• _Collected material_:

<<<<

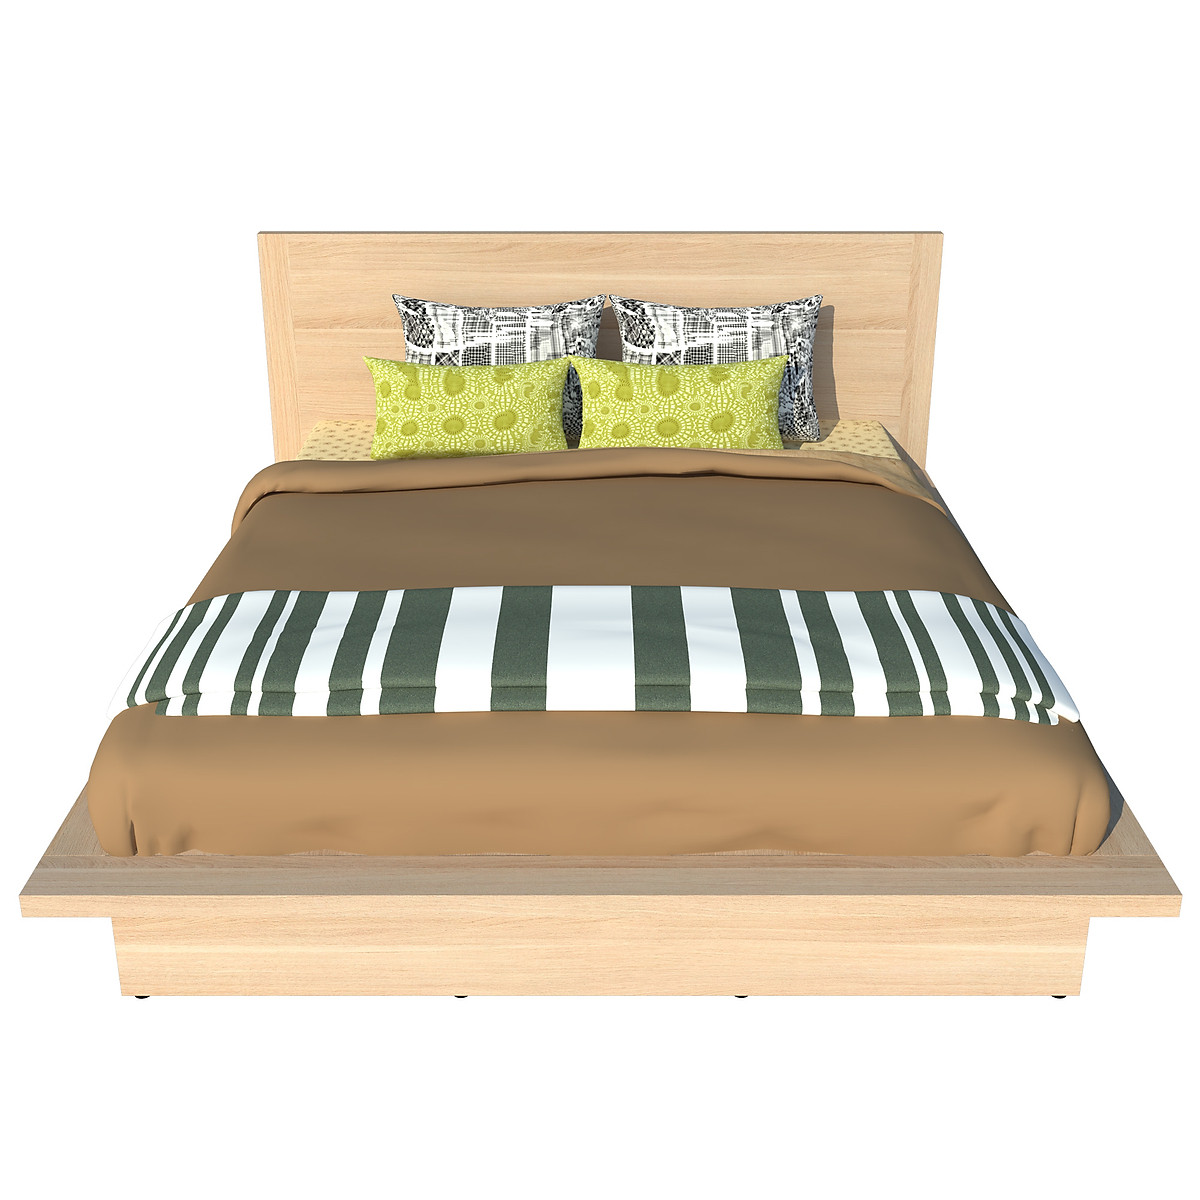 Giường ngủ cao cấp Tundo màu vàng sồi 160cm x 200cm
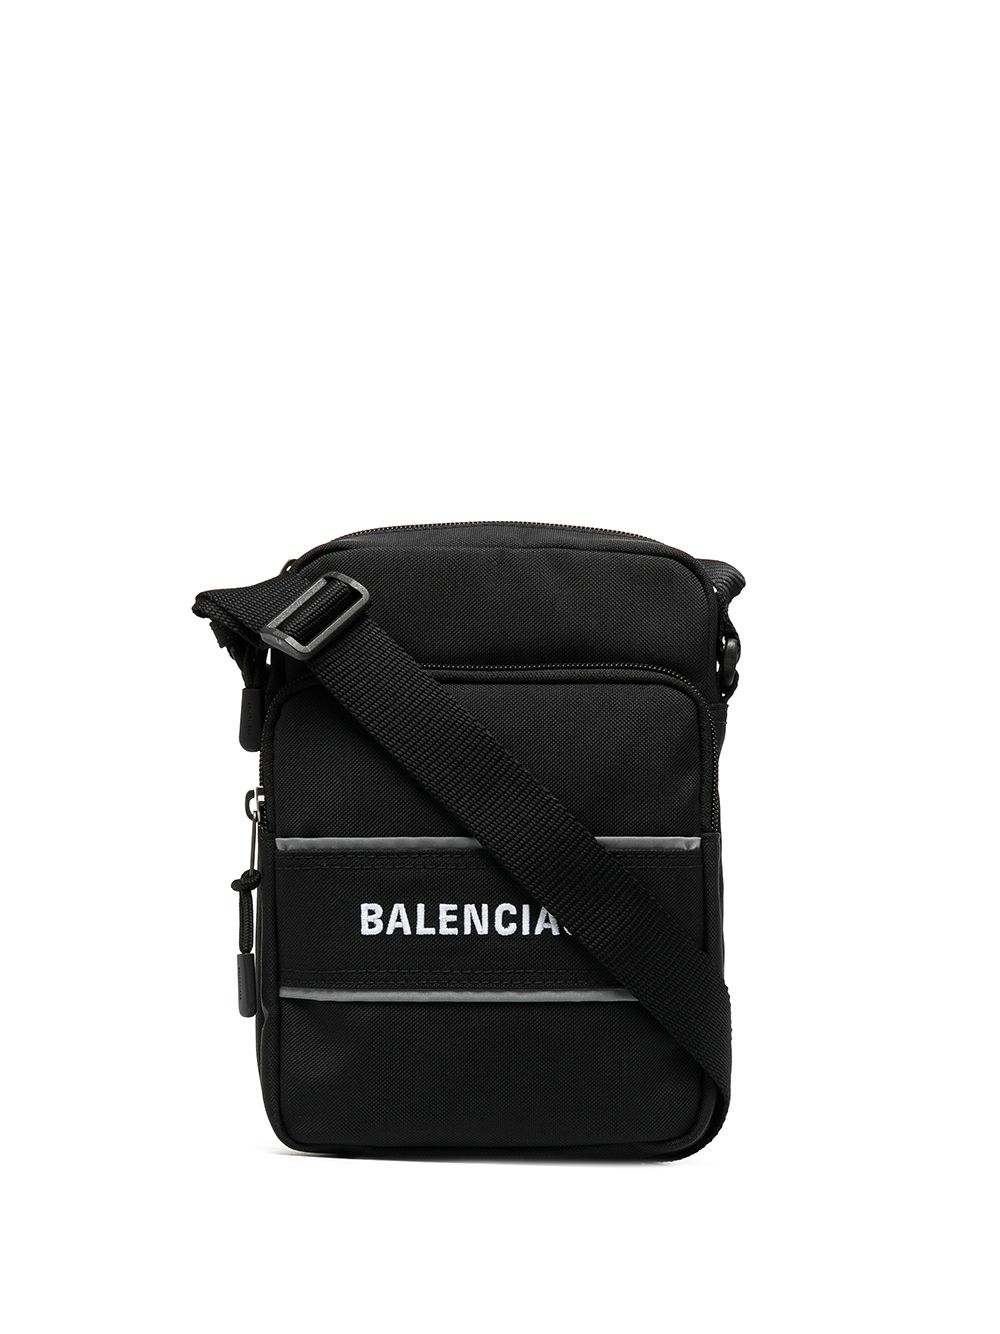 Balenciaga logo-print messenger bag - Black
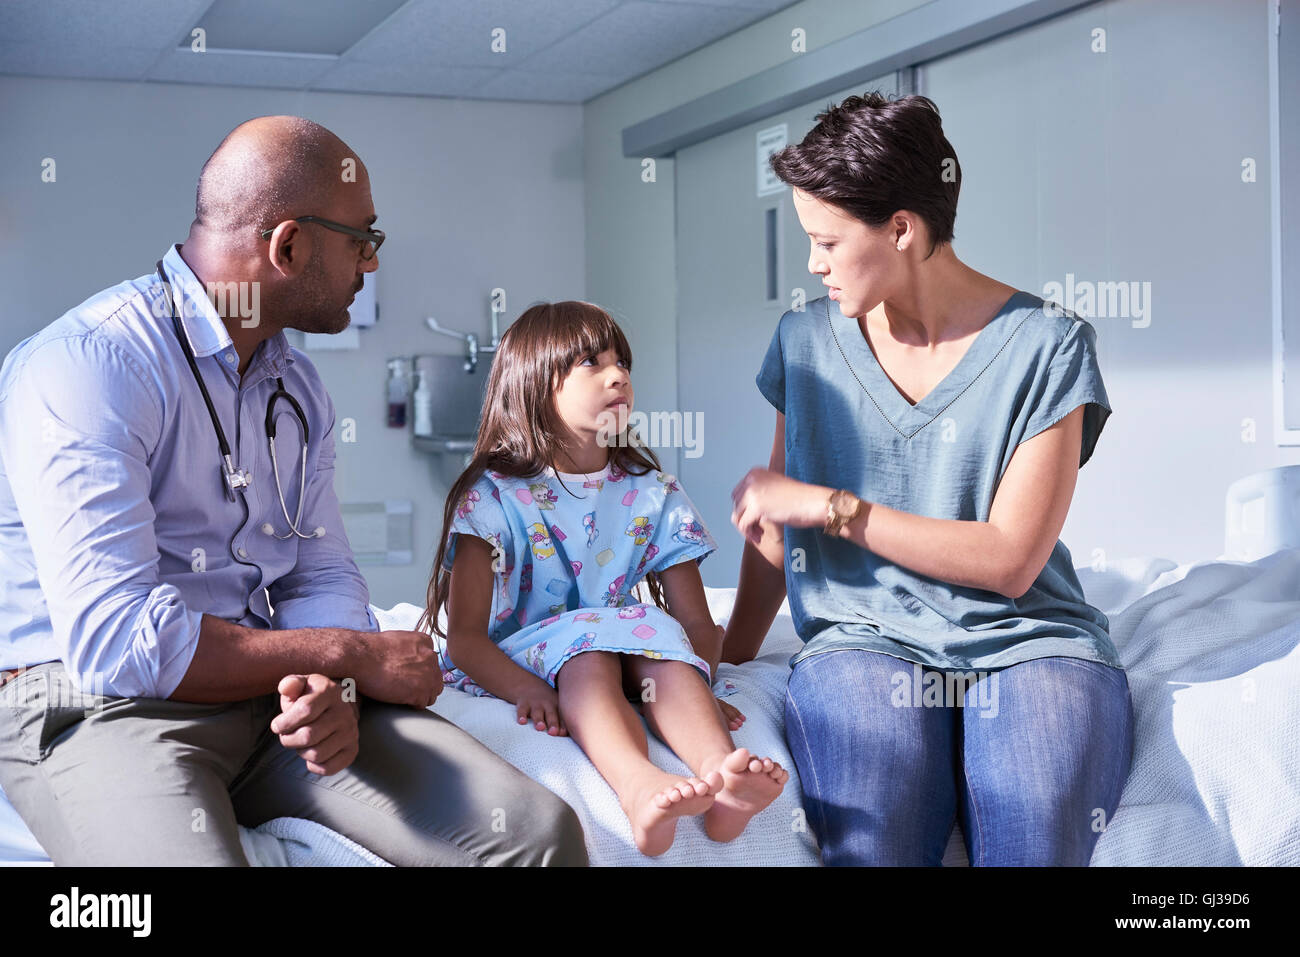 Médico varón explicando a la niña y a su madre del paciente en el hospital Children's ward Foto de stock
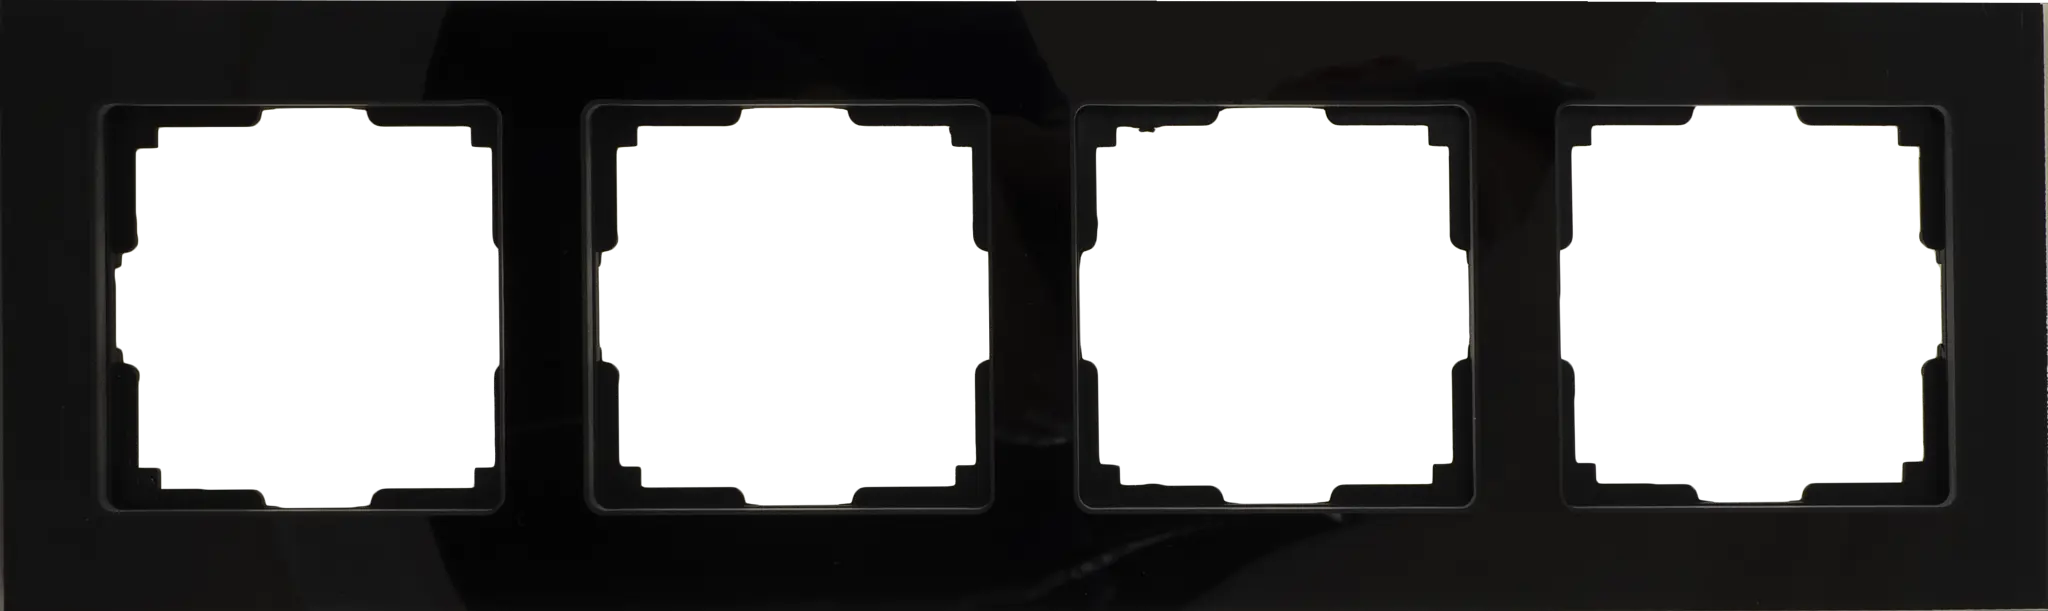 Рамка для розеток и выключателей Werkel Favorit 4 поста стекло цвет чёрный рамка эра 14 5204 05 на 4 поста металл elegance чёрный антрацит б0034561

>>>>

• _Your assignment_: Would you restate the listing word for word and leave every picture out?

• _Task response_:
 Giường ngủ cao cấp Tundo màu vàng sồi 160cm x 200cm
 Balenciaga logo-print messenger bag - Black
 Médico varón explicando a la niña y a su madre del paciente en el hospital Children's ward Foto de stock
 Рамка для розеток и выключателей Werkel Favorit 4 поста стекло цвет чёрный рамка эра 14 5204 05 на 4 поста металл elegance чёрный антрацит б0034561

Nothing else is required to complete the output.